I’ve also spun up two new projects which are still very much in the draft stage.
llm-evals
Ony of my biggest frustrations in working with LLMs is that I still don’t have a great way to evaluate improvements to my prompts. Did capitalizing OUTPUT IN JSON really make a difference? I don’t have a great mechanism for figuring that out.
datasette-query-assistant
really needs this: Which models are best at generating SQLite SQL? What prompts make it most likely I’ll get a SQL query that executes successfully against the schema?
llm-evals-plugin (llmevals
was taken on PyPI already) is a very early prototype of an LLM plugin that I hope to use to address this problem.
The idea is to define “evals” as YAML files, which might look something like this (format still very much in flux):
name: Simple translate
system: |
Return just a single word in the specified language
prompt: |
Apple in Spanish
checks:
- iexact: manzana
- notcontains: apple
Then, to run the eval against multiple models:
llm install llm-evals-plugin
llm evals simple-translate.yml -m gpt-4-turbo -m gpt-3.5-turbo
Which currently outputs this:
('gpt-4-turbo-preview', [True, True])
('gpt-3.5-turbo', [True, True])
Those checks:
are provided by a plugin hook, with the aim of having plugins that add new checks like sqlite_execute: [["1", "Apple"]]
that run SQL queries returned by the model and assert against the results—or even checks like js: response_text == 'manzana'
that evaluate using a programming language (in that case using quickjs to run code in a sandbox).

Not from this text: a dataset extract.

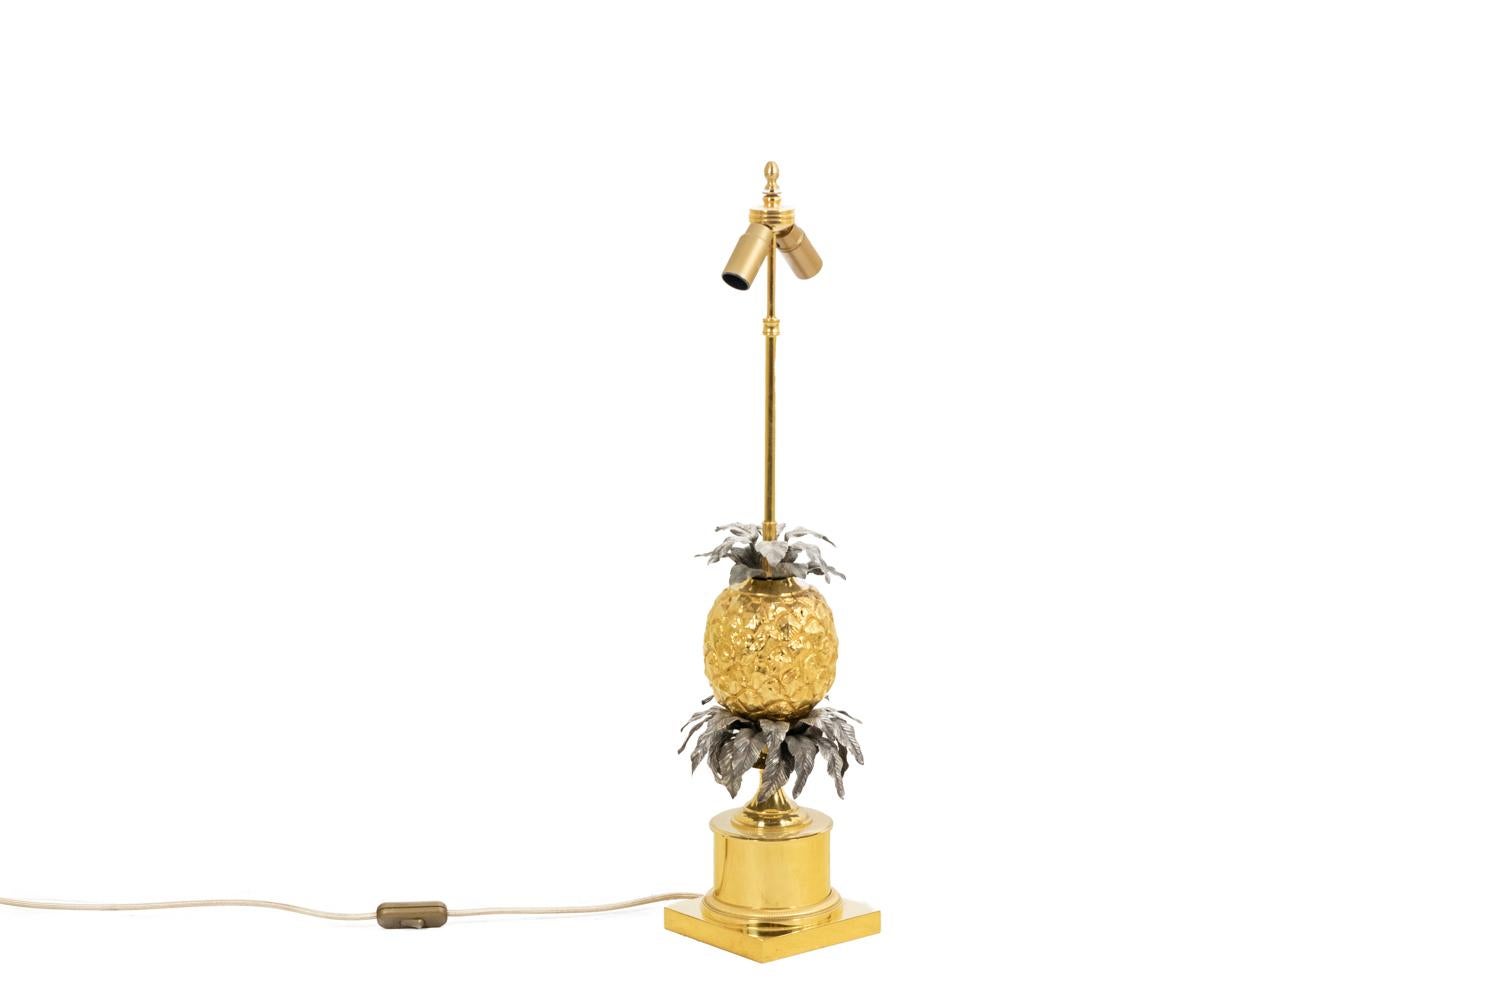 Maison Charles, by.

Large lamp representing a stylized pineapple in gold-plated bronze and crowned by leaves in embossed and gilt brass. Under the pineapple, the tree is symbolized by a more important triple crown of leaves in gilt brass. The whole

This is still a rough sketch of how the tool will work. The big missing feature at the moment is parameterization: I want to be able to try out different prompt/system prompt combinations and run a whole bunch of additional examples that are defined in a CSV or JSON or YAML file.
I also want to record the results of those runs to a SQLite database, and also make it easy to dump those results out in a format that’s suitable for storing in a GitHub repository in order to track differences to the results over time.
This is a very early idea. I may find a good existing solution and use that instead, but for the moment I’m enjoying using running code as a way to explore a new problem space.
datasette-secrets
datasette-secrets is another draft project, this time a Datasette plugin.
I’m increasingly finding a need for Datasette plugins to access secrets—things like API keys. datasette-extract and datasette-enrichments-gpt both need an OpenAI API key, datasette-enrichments-opencage needs OpenCage Geocoder and datasette-query-assistant needs a key for Anthropic’s Claude.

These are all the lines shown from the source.